Canada’s second-largest grocer Sobeys has swooped to buy the local business of US supermarket giant Safeway. Sobeys has paid a full price for Safeway’s Canadian arm but, writes Dean Best, the market was broadly positive and agreed with the company’s optimism. For Safeway, however, the sale does leave some questions.
The future of Safeway Inc’s Canadian operations had been the subject of speculation for some time – but much of the talk of a possible takeover highlighted Loblaw and Metro Inc as potential suitors. Sobeys hardly got a mention.
However, this week, Canada’s number two grocer announced it had struck a deal to buy Safeway’s stores in the country. Sobeys will pay a cash price of C$5.8bn for assets including 213 grocery outlets, 12 manufacturing plants and four distribution centres.

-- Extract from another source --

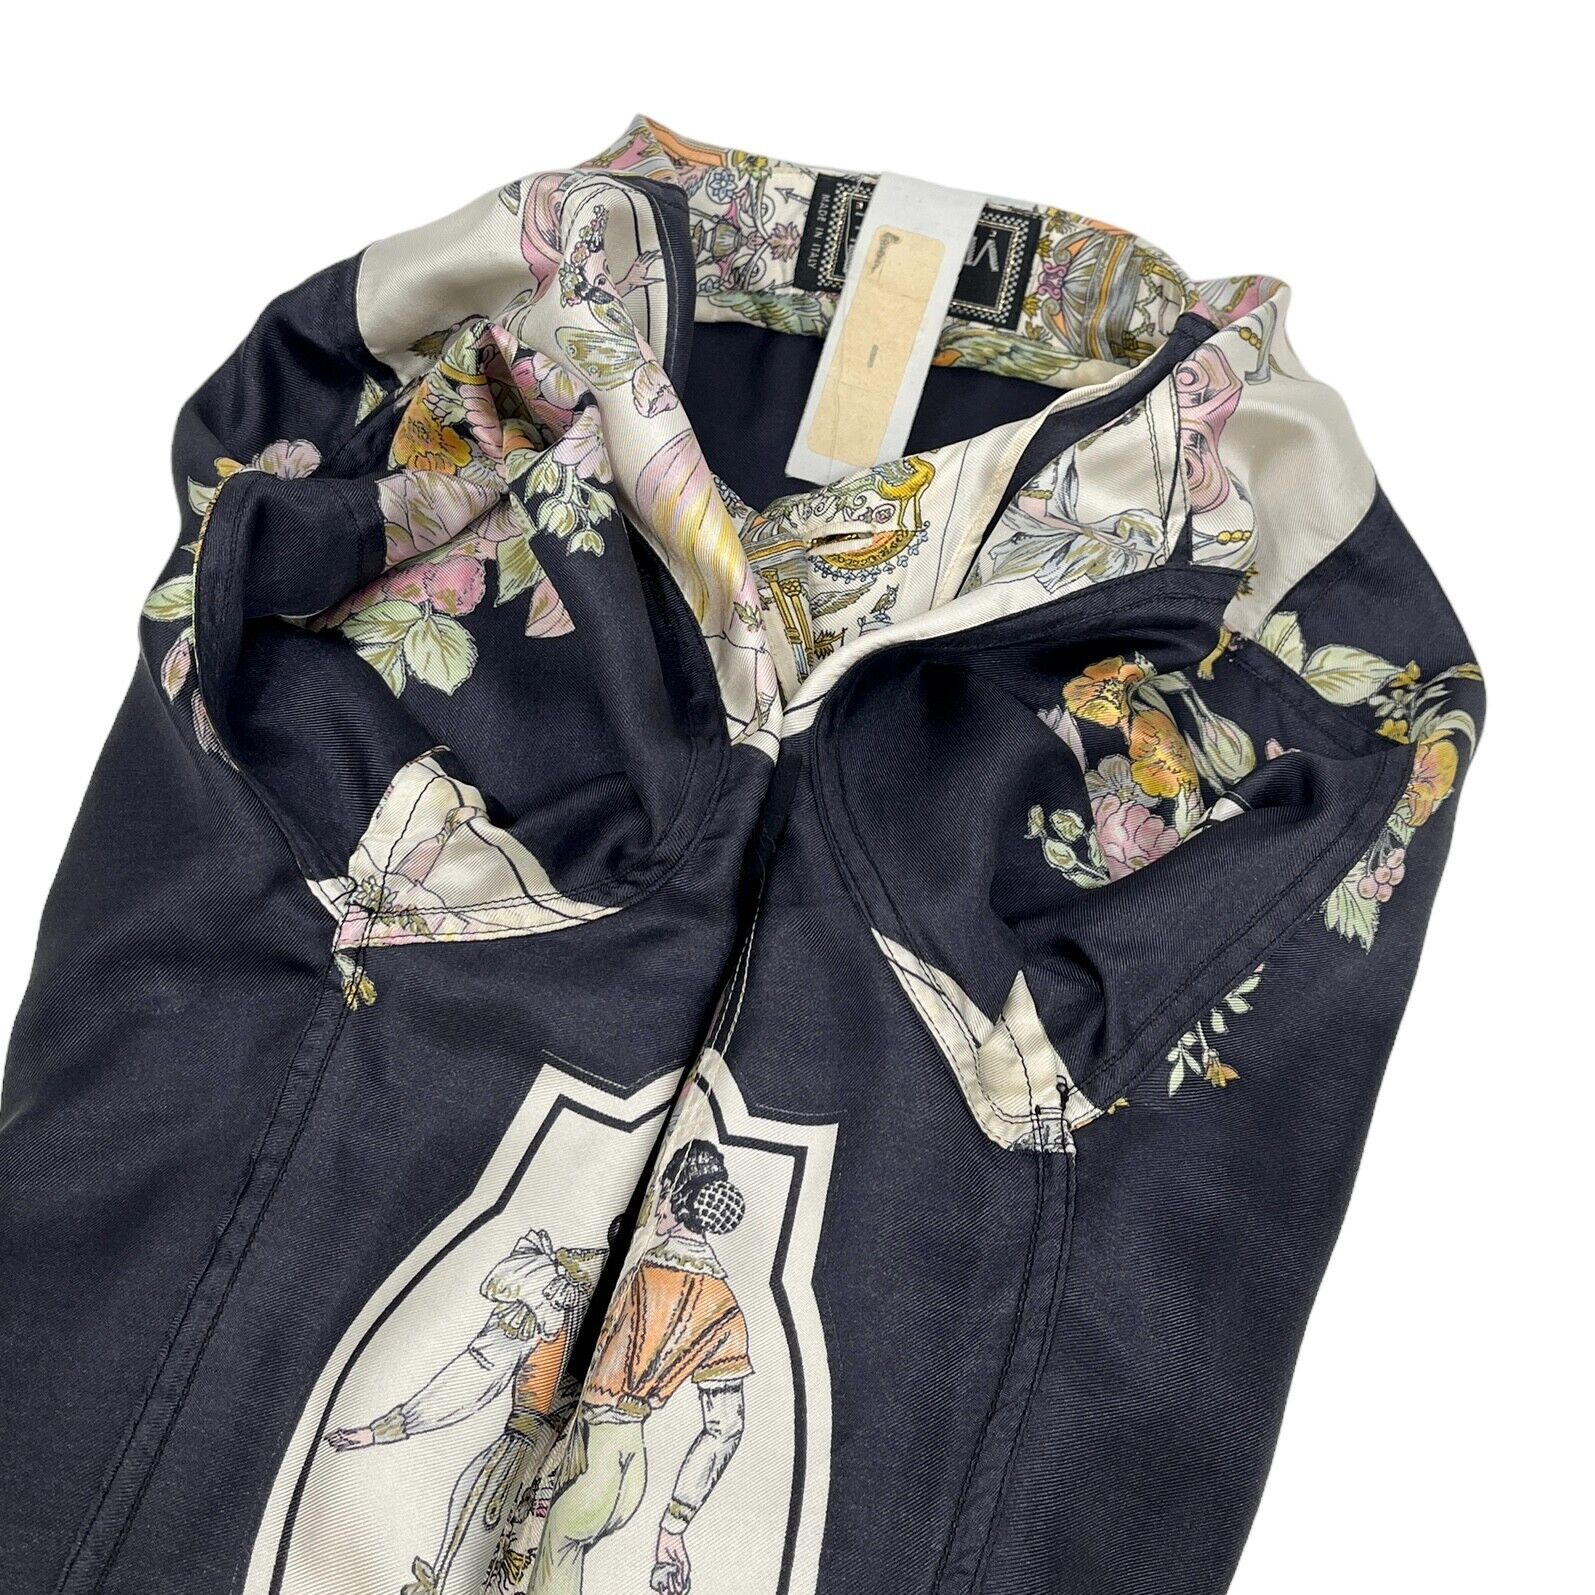 GIANNI VERSACE Vintage Silk Shirt Top #40 Pocket Gold Button Multicolor Rank AB
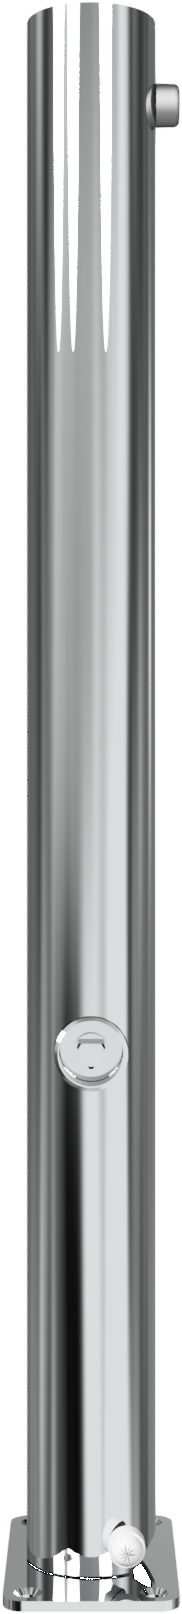 Absperrpfosten 'Bollard' Ø 76 mm, umlegbar

For analysts covering Safeway, it was deemed a very good price for the US grocery giant’s business north of the border. Shares in Safeway jumped in the aftermath of Wednesday’s announcement, although some on Wall Street were quick to point to the ongoing challenges the retailer faces in the US.
However, shares in Sobeys’ parent, Canadian group Empire Co., also shot up on news of the deal. Broadly, the acquisition of the Canada Safeway business was seen as a good move for Sobeys.
“We believe Empire would benefit from increased critical mass, a broad array of synergy opportunities, and the acquisition of a high-quality portfolio of retail locations in western Canada, which is the fastest growing part of the country,” Jim Durran, a Canadian retail and consumer analyst at Barclays Capital, said.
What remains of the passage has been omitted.